(INFORMATION PROVIDED Opens)

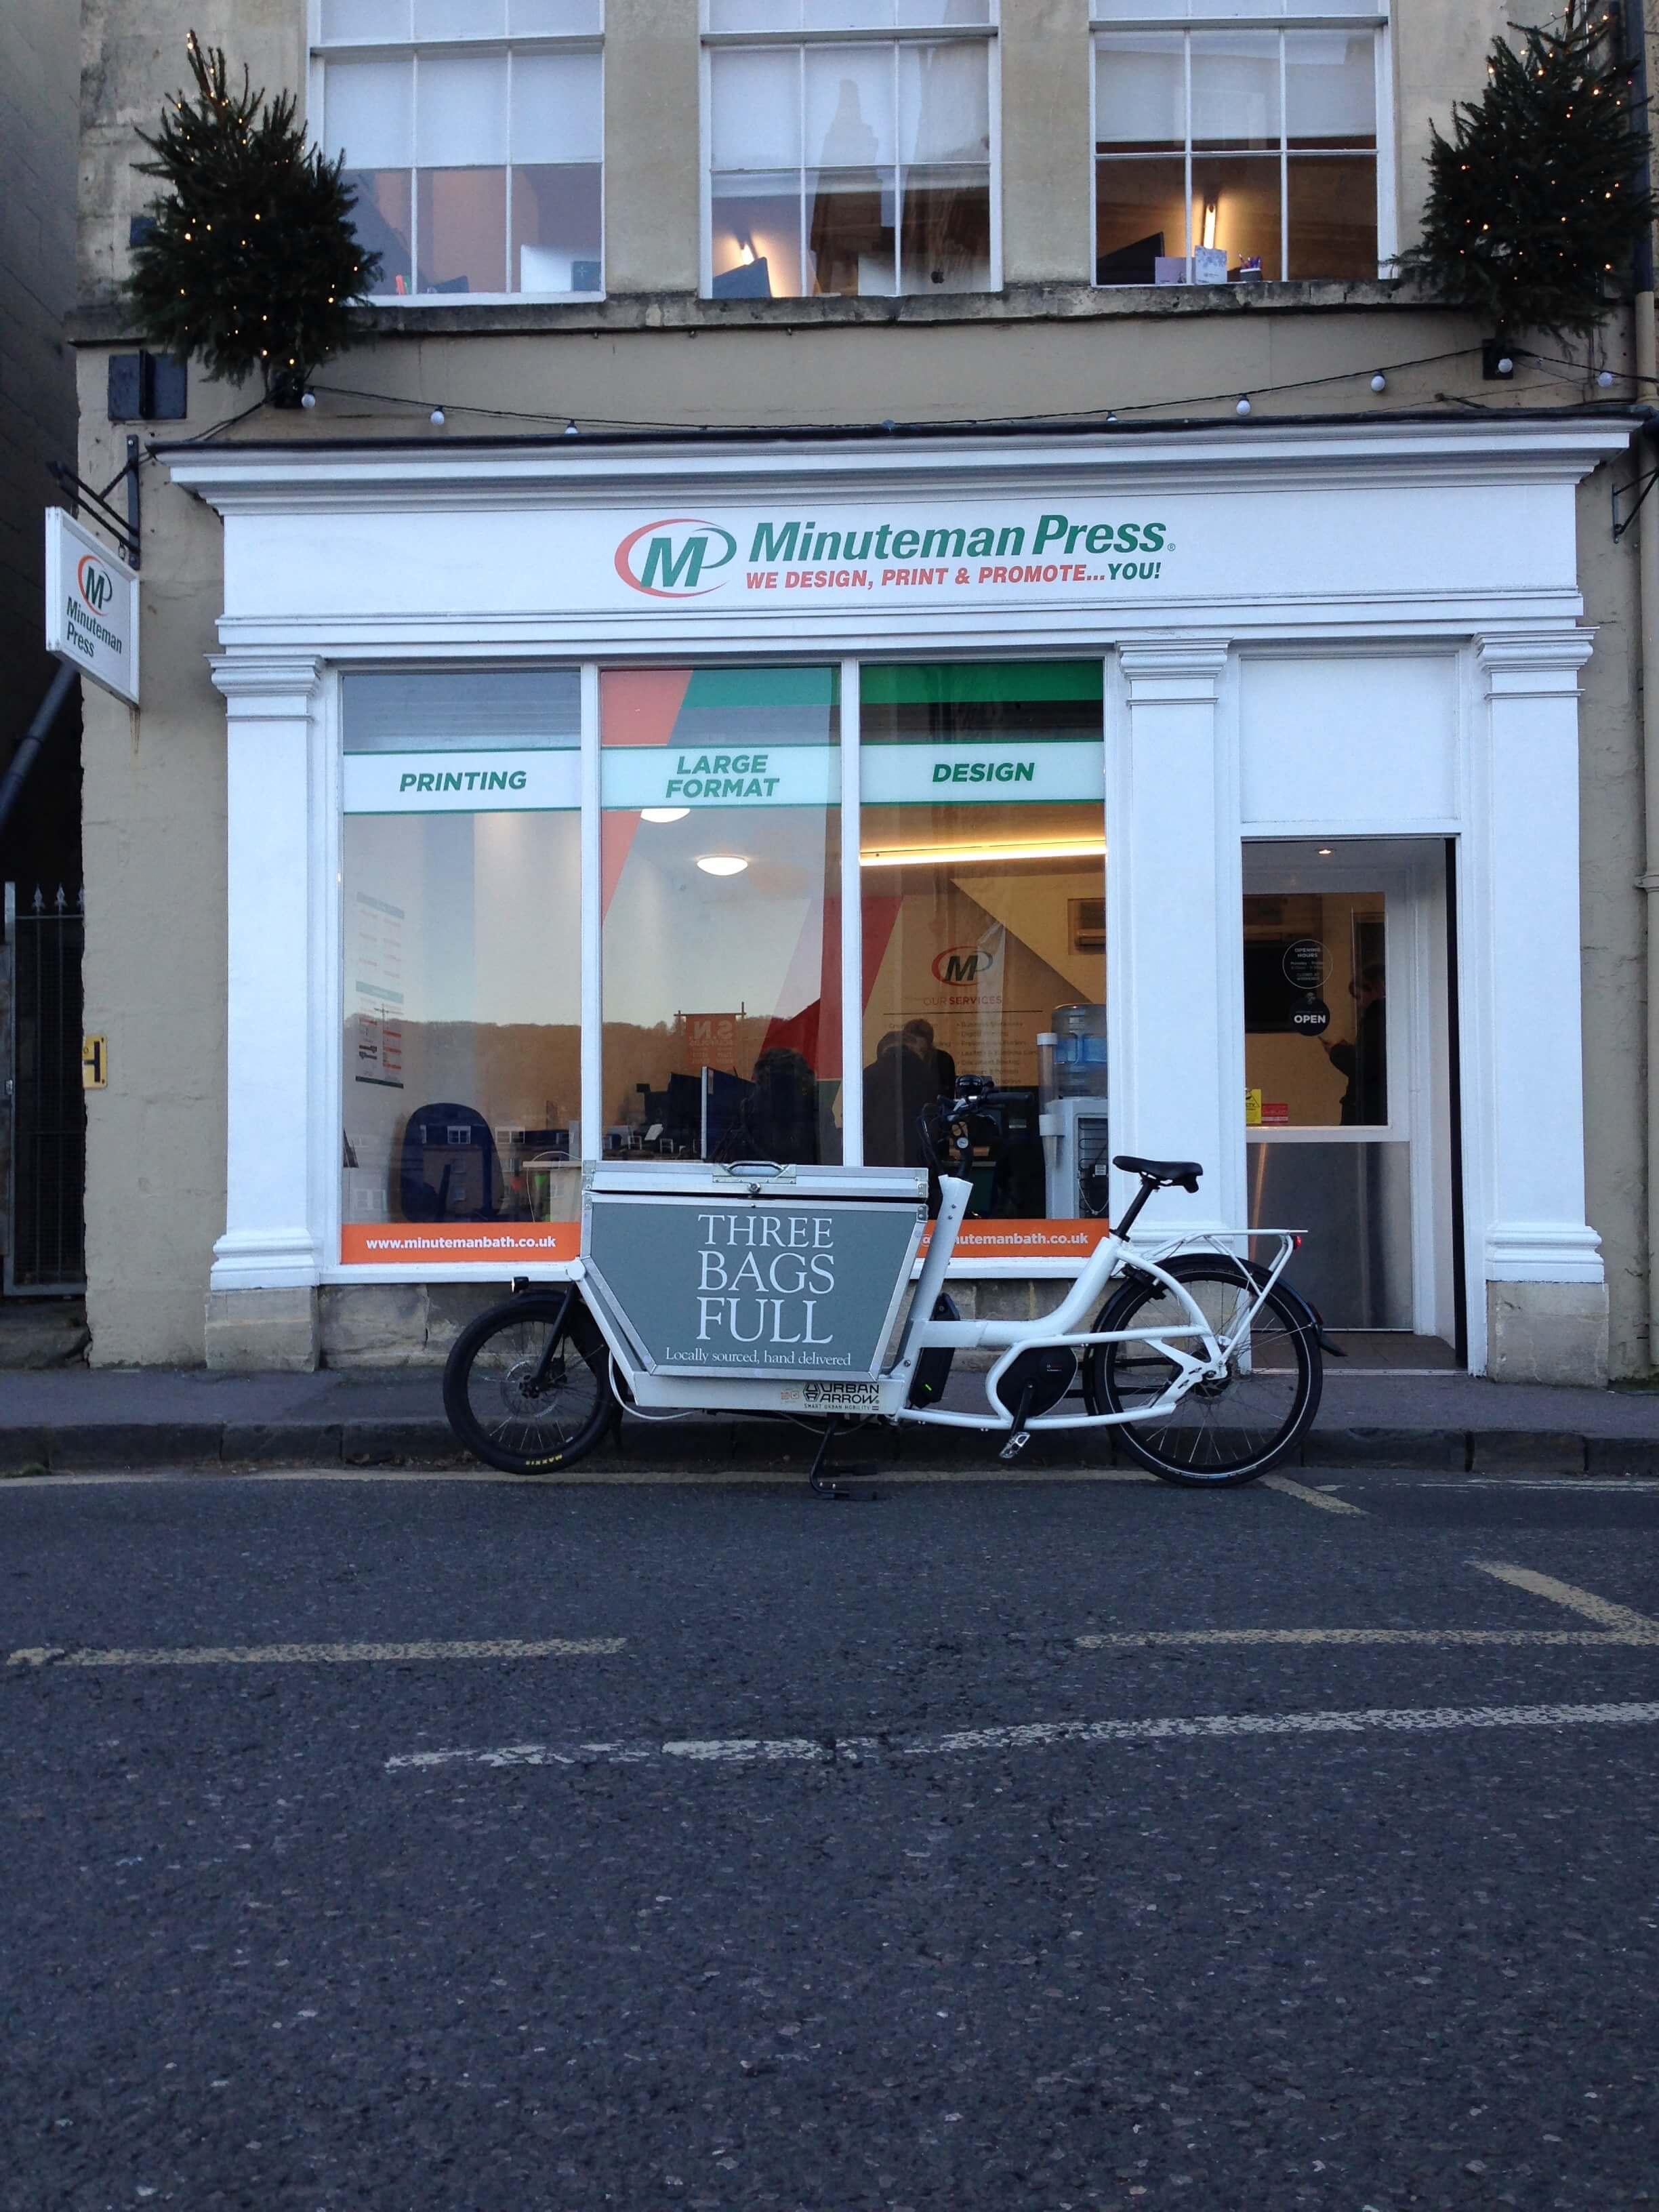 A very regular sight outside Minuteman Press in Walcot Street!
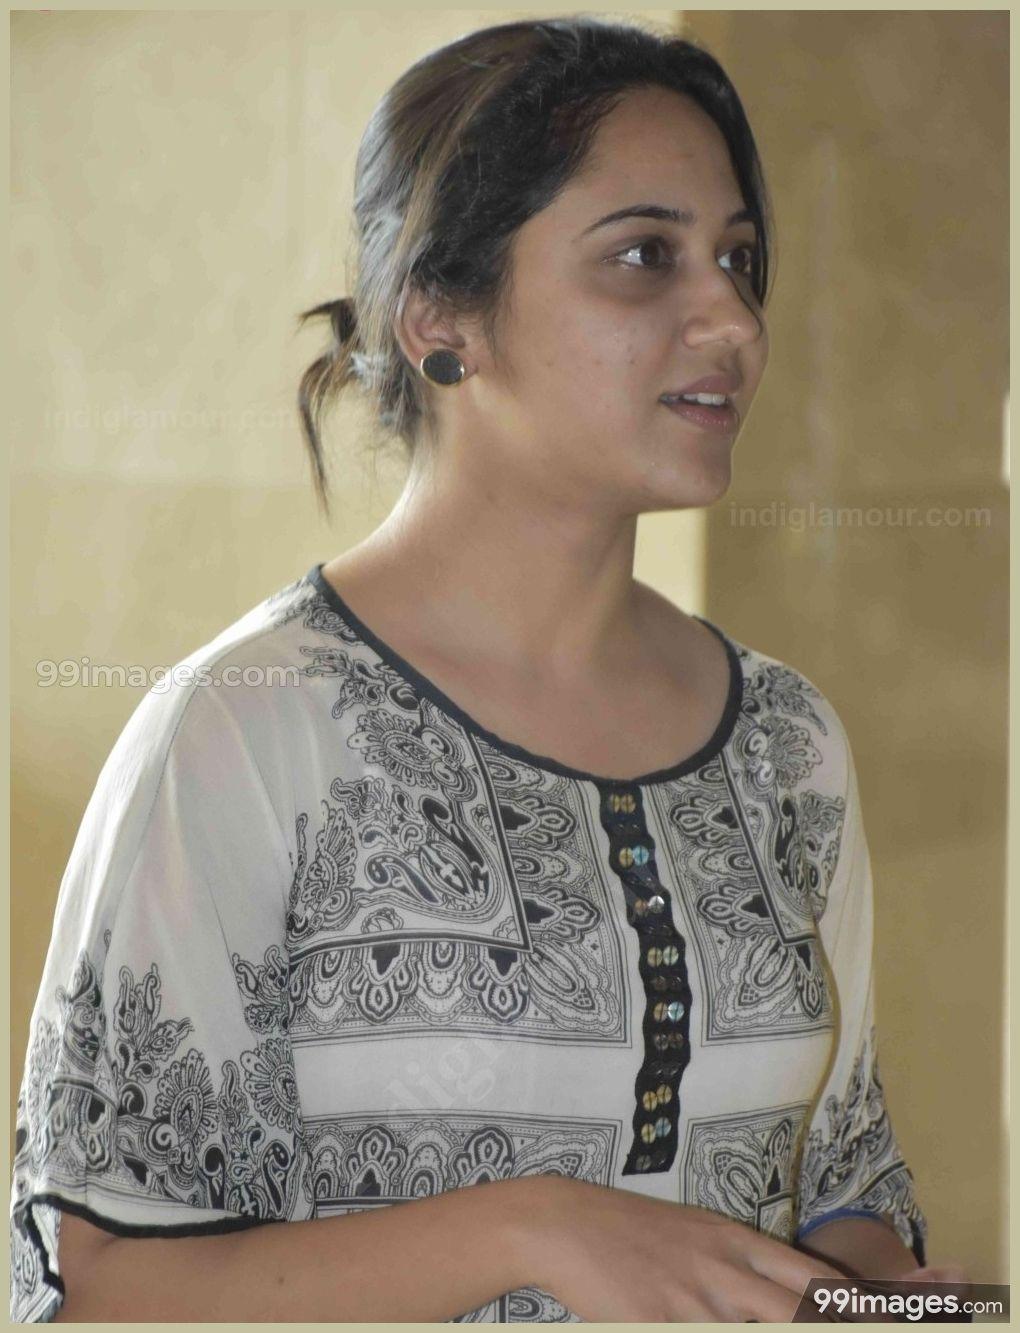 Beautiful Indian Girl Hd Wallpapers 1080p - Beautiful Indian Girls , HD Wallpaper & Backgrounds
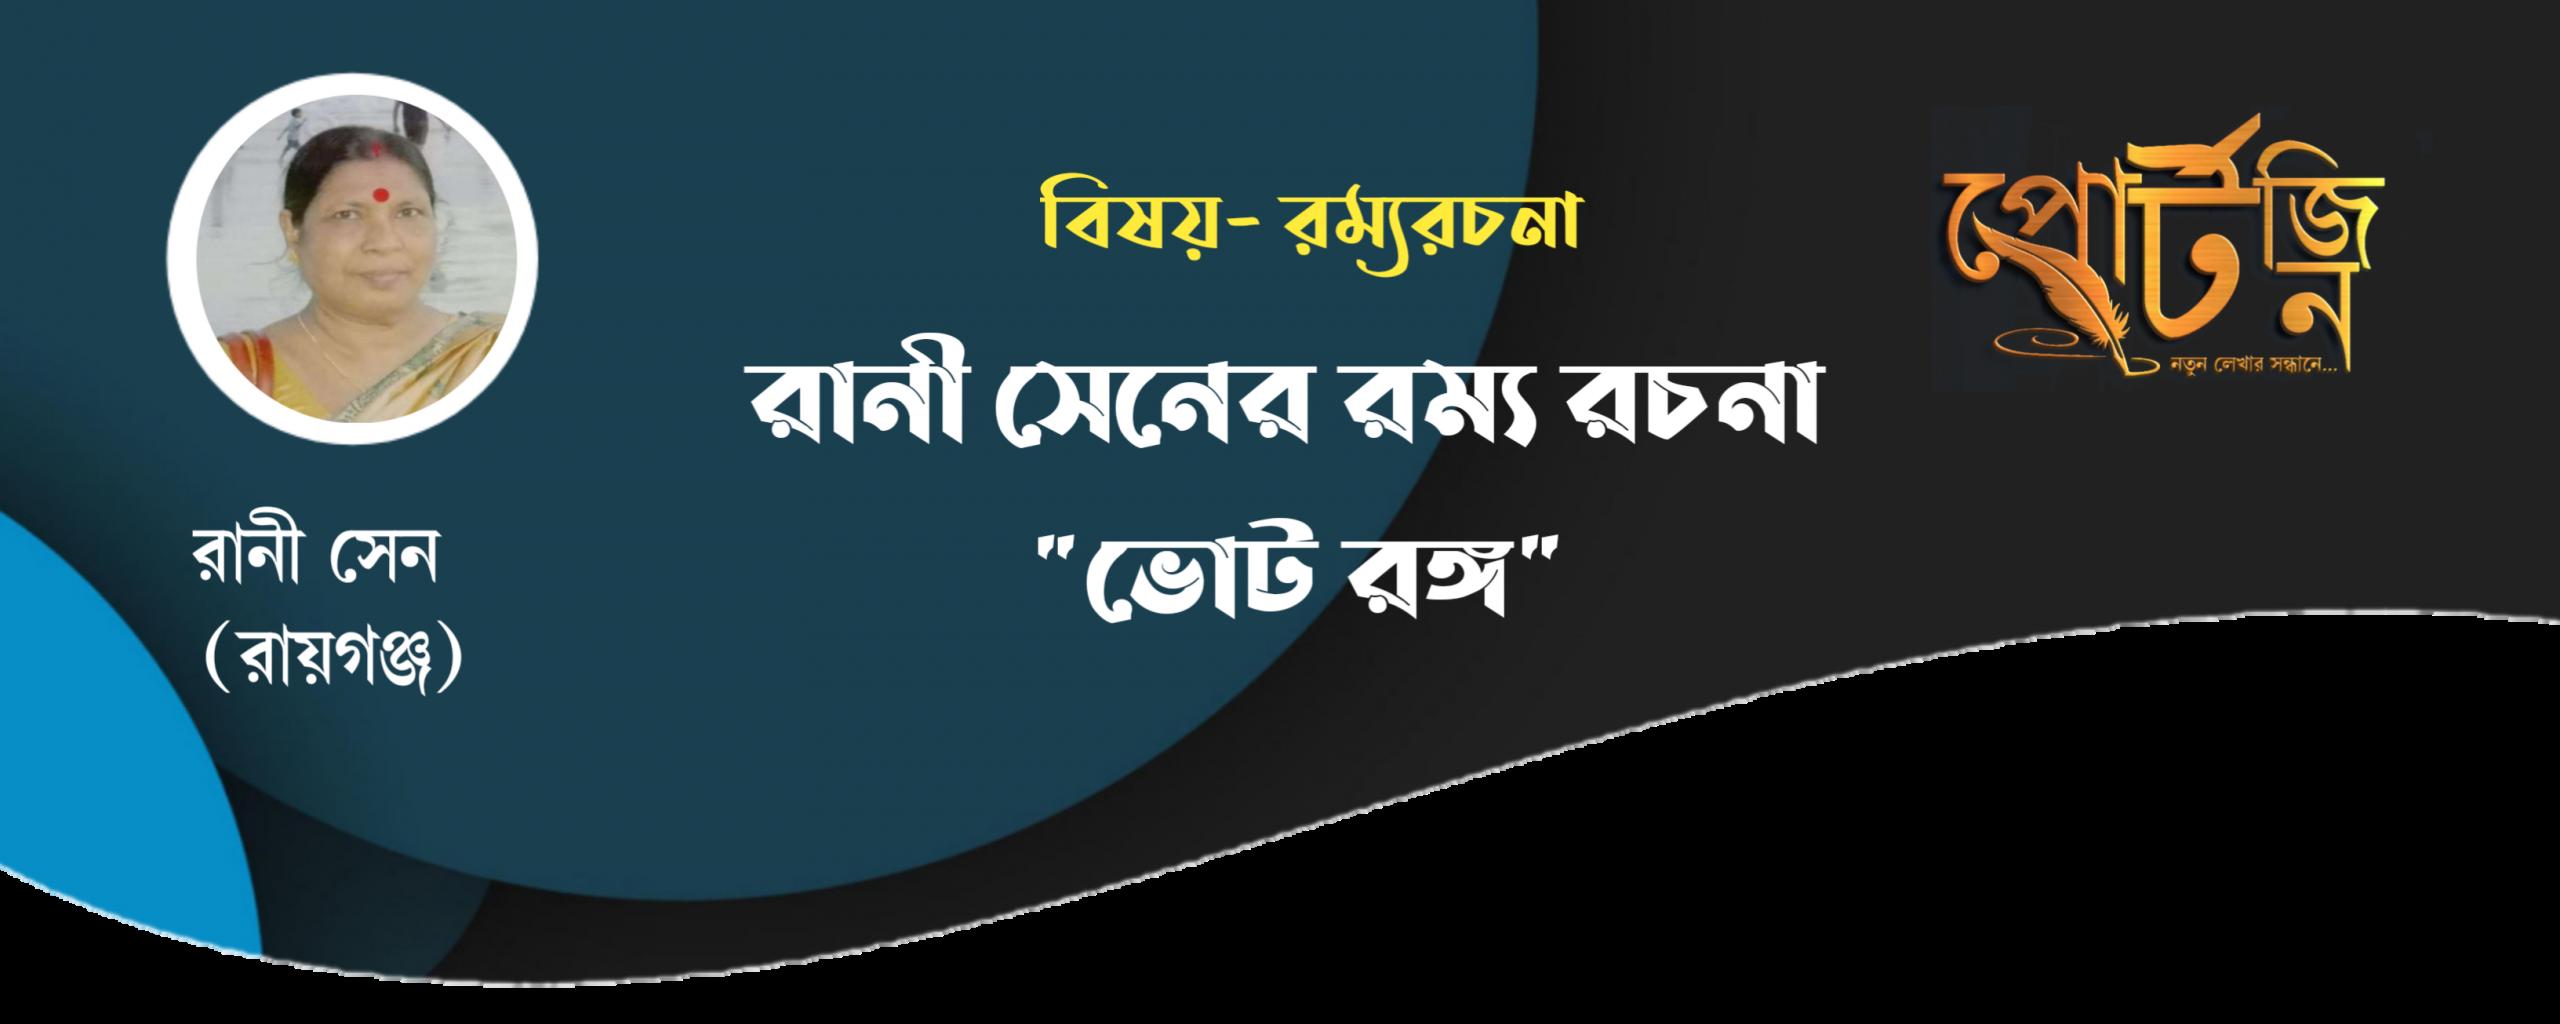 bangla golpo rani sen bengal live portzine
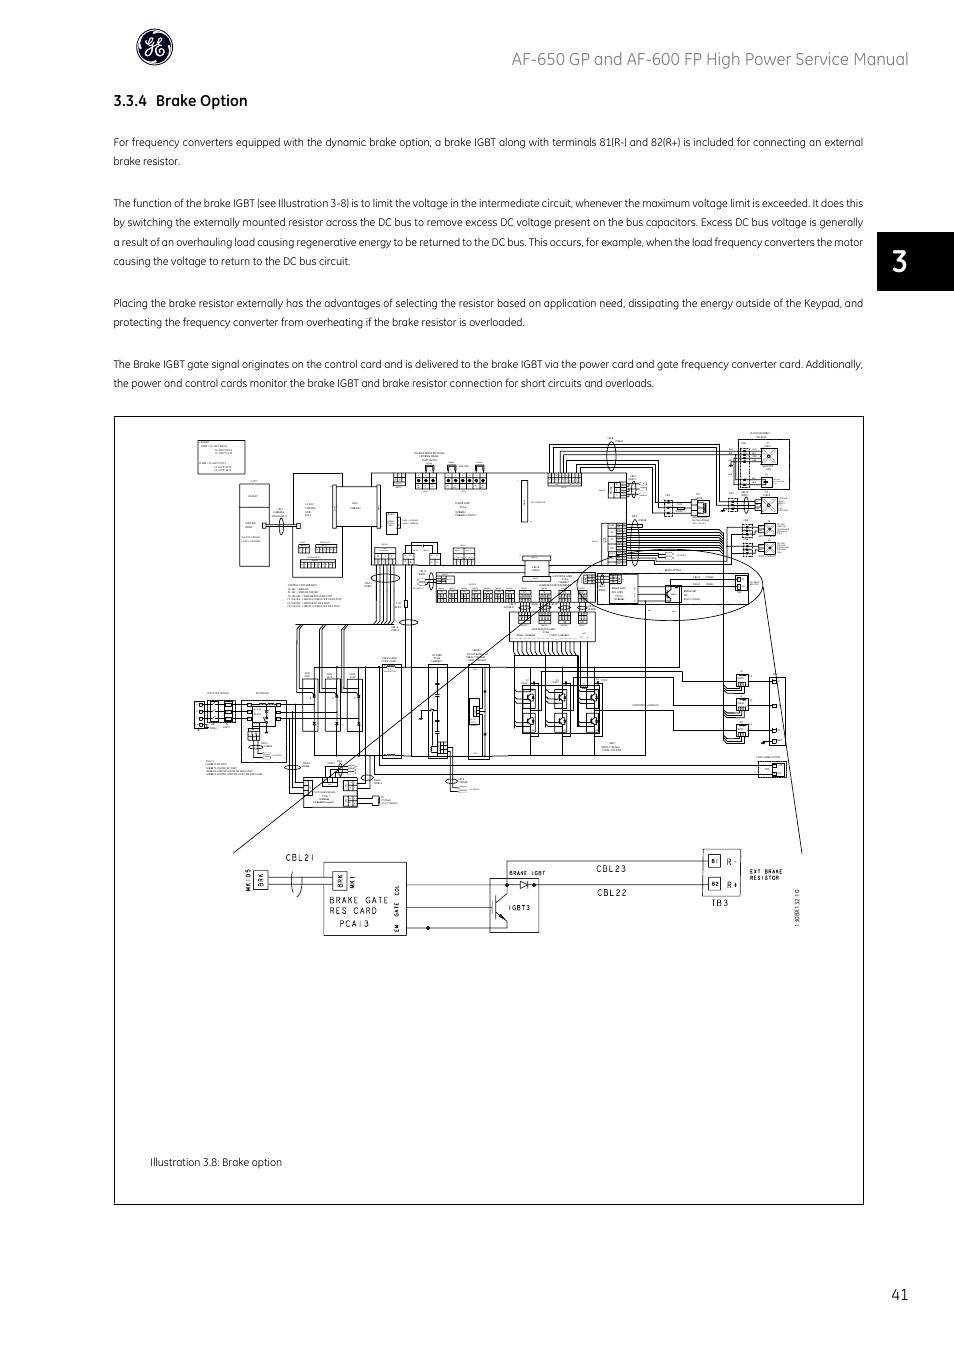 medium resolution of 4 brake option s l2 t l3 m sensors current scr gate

(INFORMATION PROVIDED Closes)

> TO DO
Line by line, write out the data above exactly, without the pictures.

> OUTPUT BELOW
 A very regular sight outside Minuteman Press in Walcot Street!
 Beautiful Indian Girl Hd Wallpapers 1080p - Beautiful Indian Girls , HD Wallpaper & Backgrounds
 bangla golpo rani sen bengal live portzine
 medium resolution of 4 brake option s l2 t l3 m sensors current scr gate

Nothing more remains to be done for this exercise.